Bouchardatia neurococca, commonly known as union nut, is a species of small rainforest tree that is endemic to eastern Australia. It has pinnate leaves with three or five narrow elliptical leaflets, white flowers arranged in panicles, and oval follicles.

==Description==
Bouchardatia neurococca is a tree that typically grows to a height of 8 m and has smooth greyish brown to dark brown bark. The leaves are arranged in opposite pairs and pinnate with three or five narrow elliptical to lance-shaped leaves with the narrow end towards the base.
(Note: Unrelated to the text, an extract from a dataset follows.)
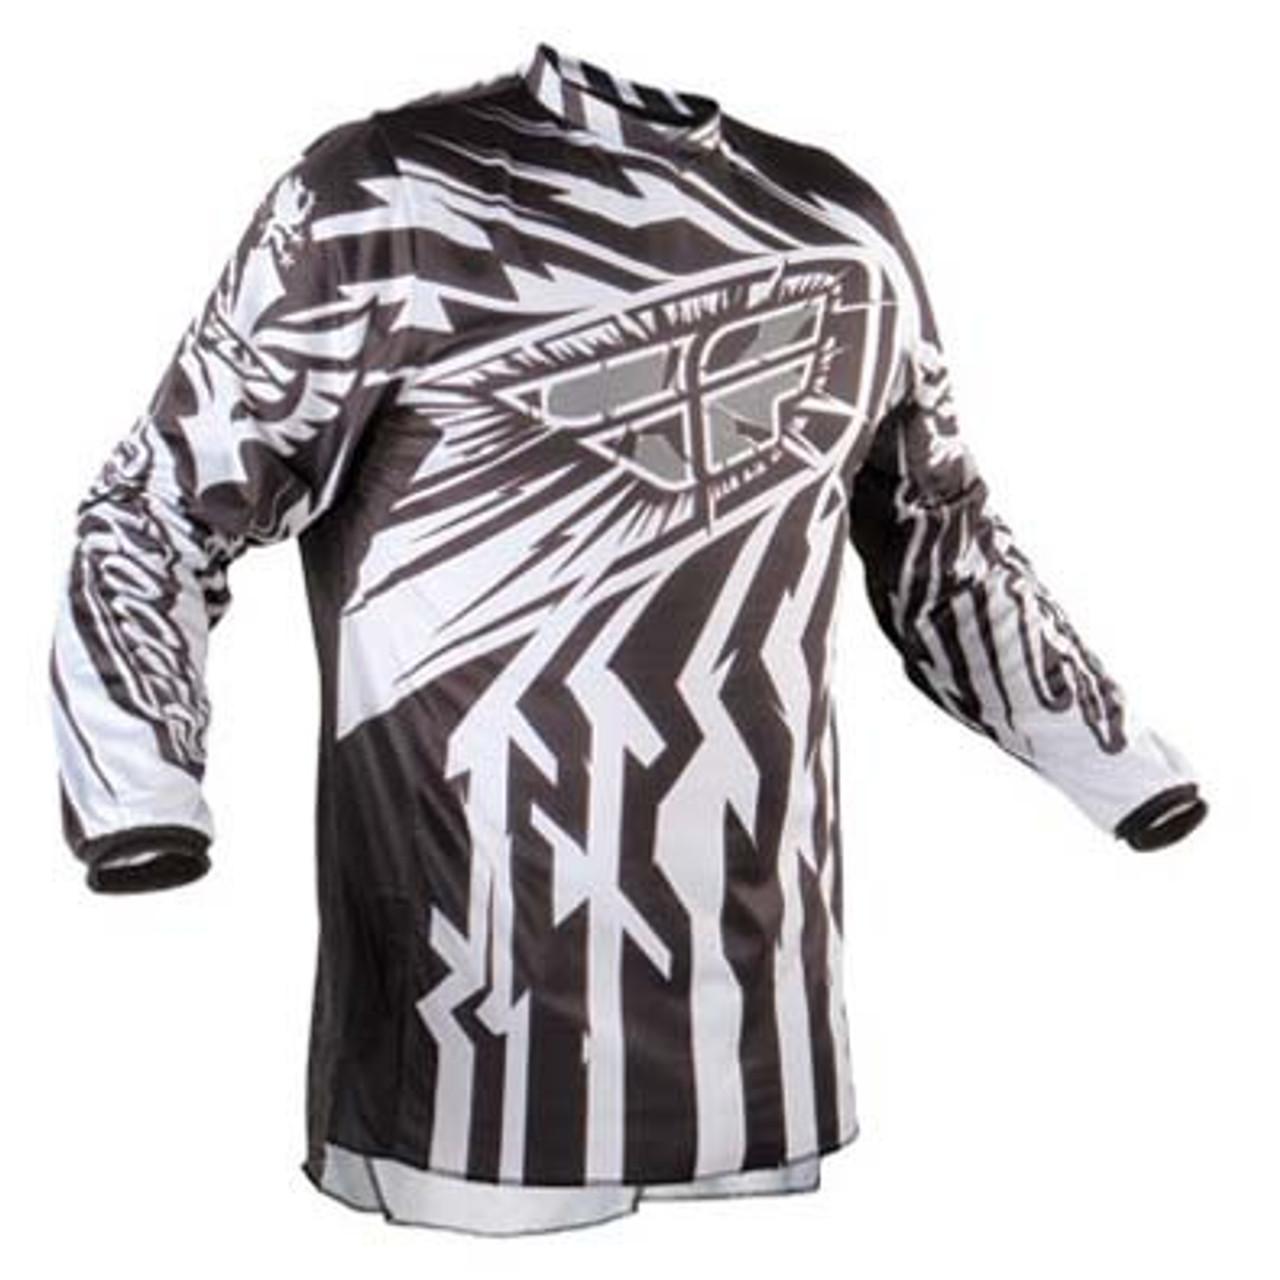 BMX Race Jersey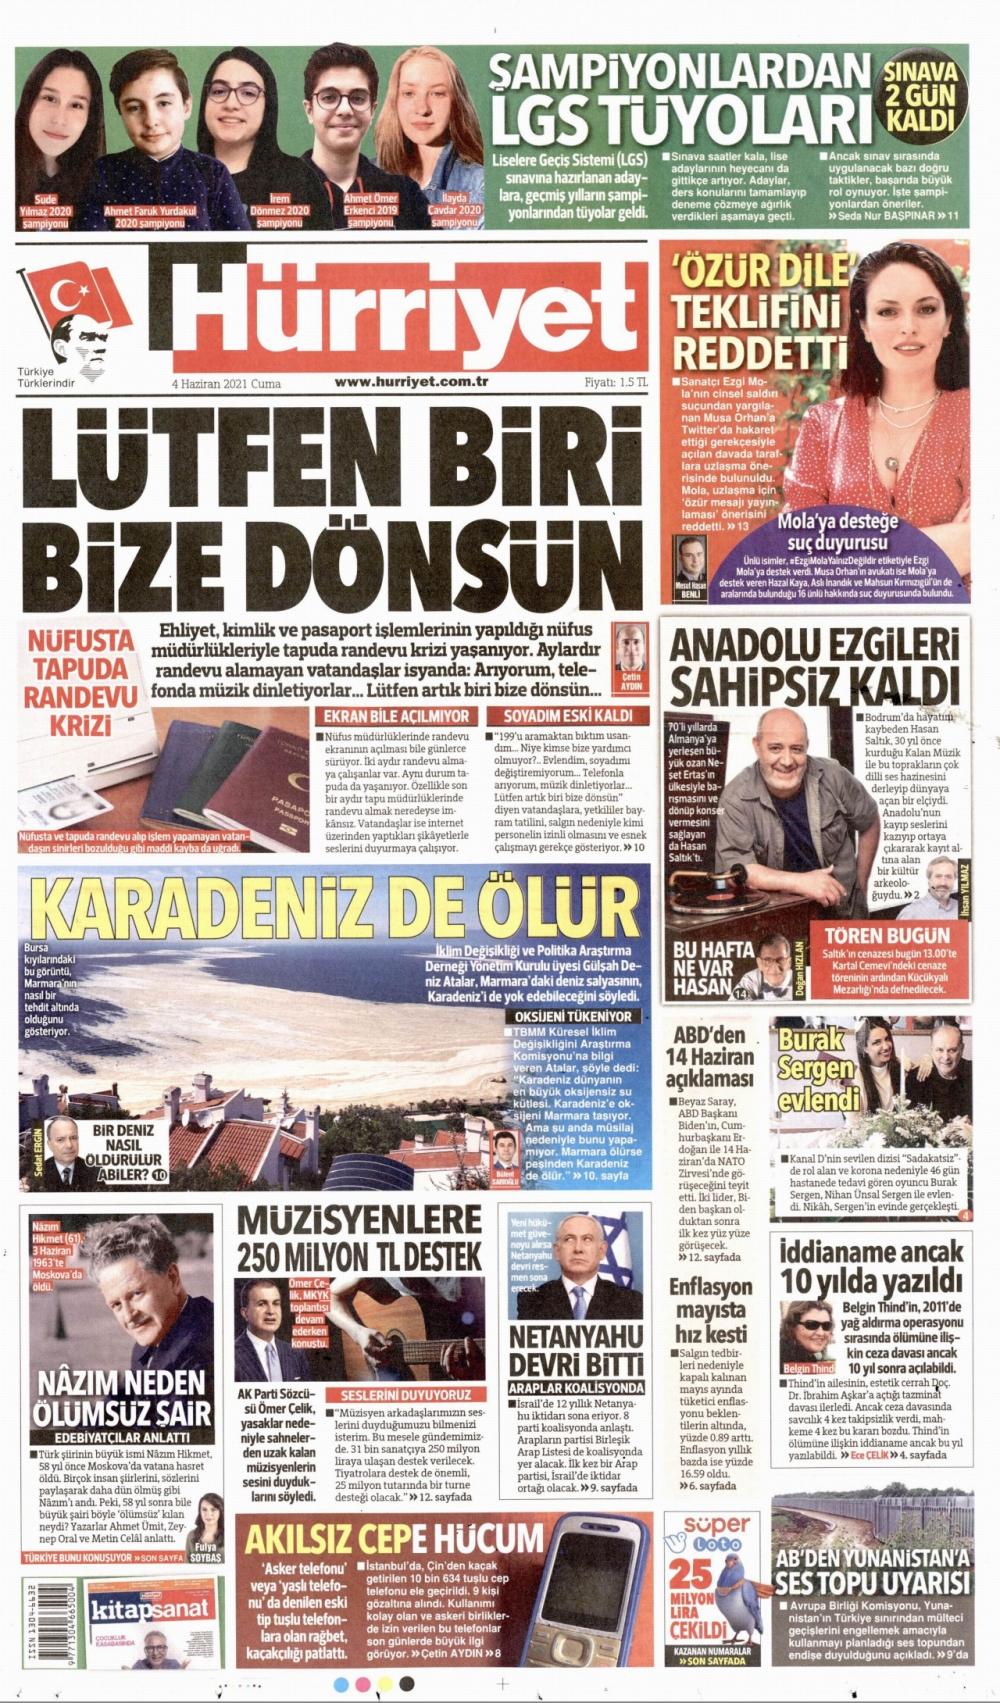 Günün Gazete Manşetleri  4 Haziran 2021 Gazeteler Ne Diyor? 1

The leaves are 100–200 mm long on a petiole 20–50 mm long, the leaflets 55–130 mm long and 10–50 mm wide. The upper surface of the leaves is glossy dark green, the lower surface yellowish green and there are small, hairy domatia. The flowers are arranged in panicles 50–100 mm long, on the ends of branchlets or in leaf axils, with four sepals 0.8–1.5 mm long, four white petals 4–5 mm long and eight stamens that alternate in length. The fruit is an ovoid follicle 8–10 mm long.

==Taxonomy==
The union nut was first formally described in 1858 by Ferdinand von Mueller who gave it the name Euodia neurococca and published the description in Fragmenta phytographiae Australiae. In 1870, Henri Ernest Baillon changed the name to Bouchardatia neurococca in the journal Adansonia.

==Distribution and habitat==
Bouchardatia neurococca grows in subtropical and dry rainforest from near sea level to an altitude of 730 m and from Mackay in central-eastern Queensland to the Richmond River in north-eastern New South Wales.